Category Archives: work

How much education can you afford?

I don’t usually discuss education, though I feel strongly about the subject, but as a college student who isn’t exactly rolling in cash, this topic had to be written about.

ThinkProgress (a “news” site that always leaves me wondering exactly how many “glaucoma” patients they have on staff*) has apparently taken issue with something that Romney said recently (surprise, surprise…not). Specifically they had a problem with this part of his speech on the 27th in Virginia.

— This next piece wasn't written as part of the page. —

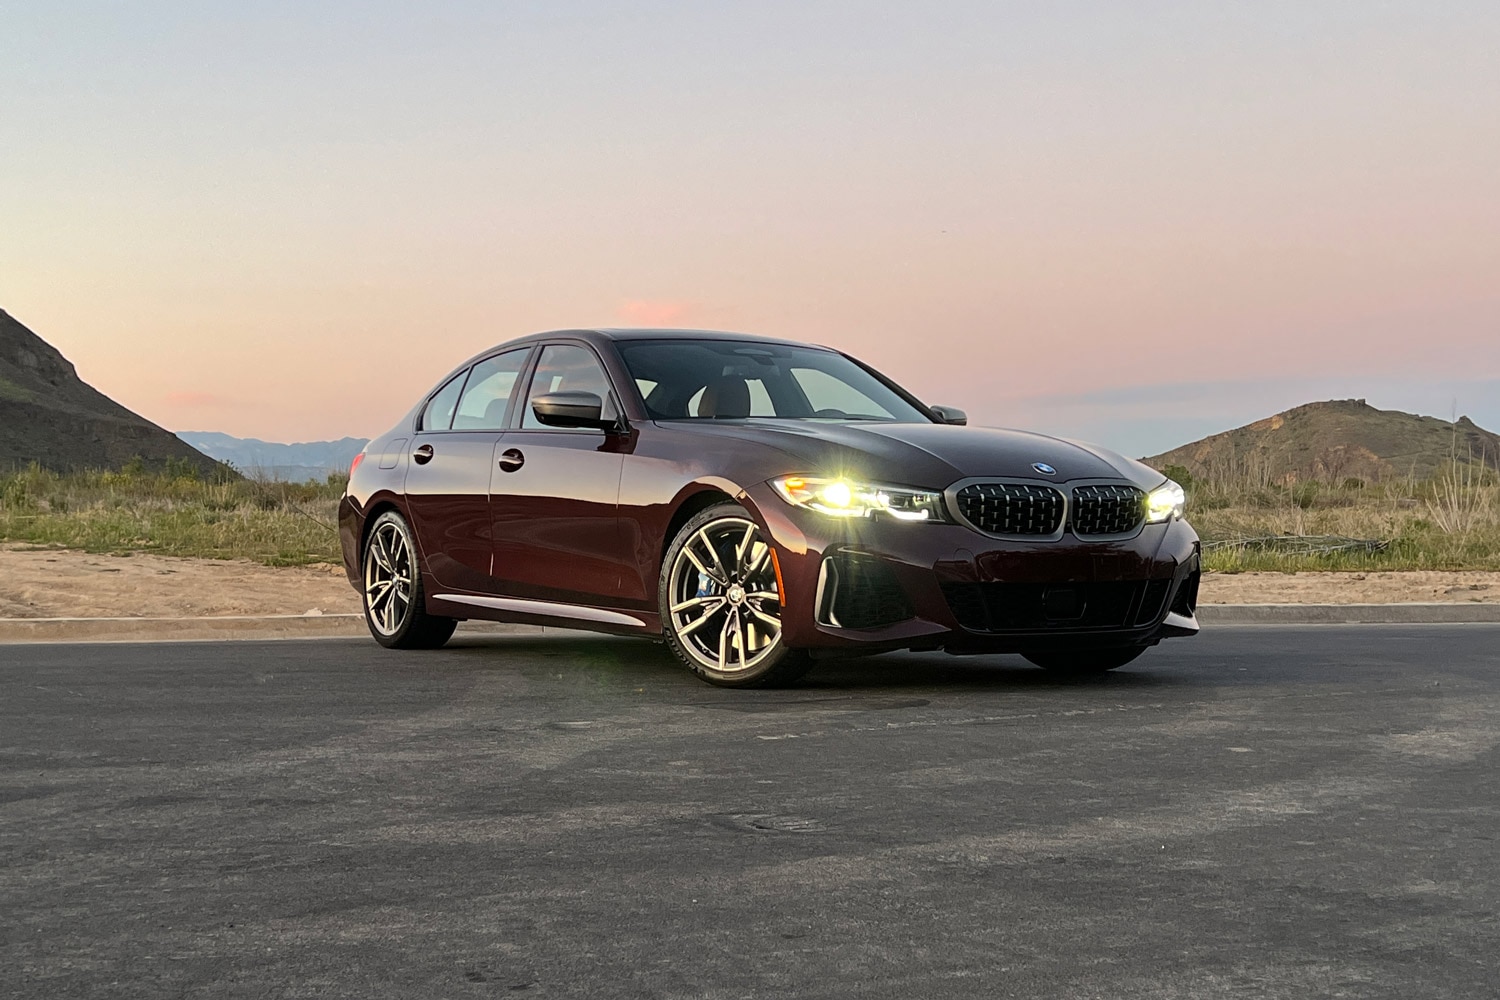 2022 BMW 3 Series Review: Still the Standard Bearer

I think this is a land of opportunity for every single person, every single citizen of this great nation. And I want to make sure that we keep America a place of opportunity, where everyone has a fair shot. They get as much education as they can afford and with their time they’re able to get and if they have a willingness to work hard and the right values, they ought to be able to provide for their family and have a shot of realizing their dreams.

Oh I get what they think they are upset about, but honestly they are just looking for a reason to dislike Romney. If they were paying any attention to his record they would know they were being ridiculous, but really…if a website posts an article named “Four Reasons Why The Court’s Decision To Uphold Obamacare Is Good News For The Economy” they aren’t really trying to be taken seriously anymore.

But I digress.

People are trying to make this statement look like Romney doesn’t care about the poor and don’t want them to get an education, but that’s just ridiculous!

This is the comparison they are making. God, I hope I’m never this stupid.

See the key word here is “afford” and that word doesn’t mean what you think it means.**

The definition of afford:

1. To be able to do, manage, or bear without serious consequence or adverse effect.

2. To be able to meet the expense of; have or be able to spare the price of.

- Dictionary.com

When you bring this term into a conversation of “can I afford this 60″ flat screen TV” it actually means “Do I have this money in my bank account right now?” Or “Will I be able to pay this off with the job I have?”

When you are talking about something such as a smart investment opportunity or education, the question becomes “can I spare the money right now for the pay off later?”

When I went back to school I weighed the cost very carefully. I was very aware of the amount I would have to take out in federal and private loans and I considered whether I could afford the cost and then decided that I couldn’t afford to not return to school.

Then, of course, you run into people *cough99%’scough* who complain that they spent SO much money that they couldn’t afford on their education and now they can’t find jobs and they can’t pay back all those loans they took out while getting degrees in Underwater Basket-weaving and Canadian Studies and Music Therapy. (Those last two are actual degrees…I sincerely hope that the first one is not.) Or perhaps one of these other, equally pointless and wasteful, degrees.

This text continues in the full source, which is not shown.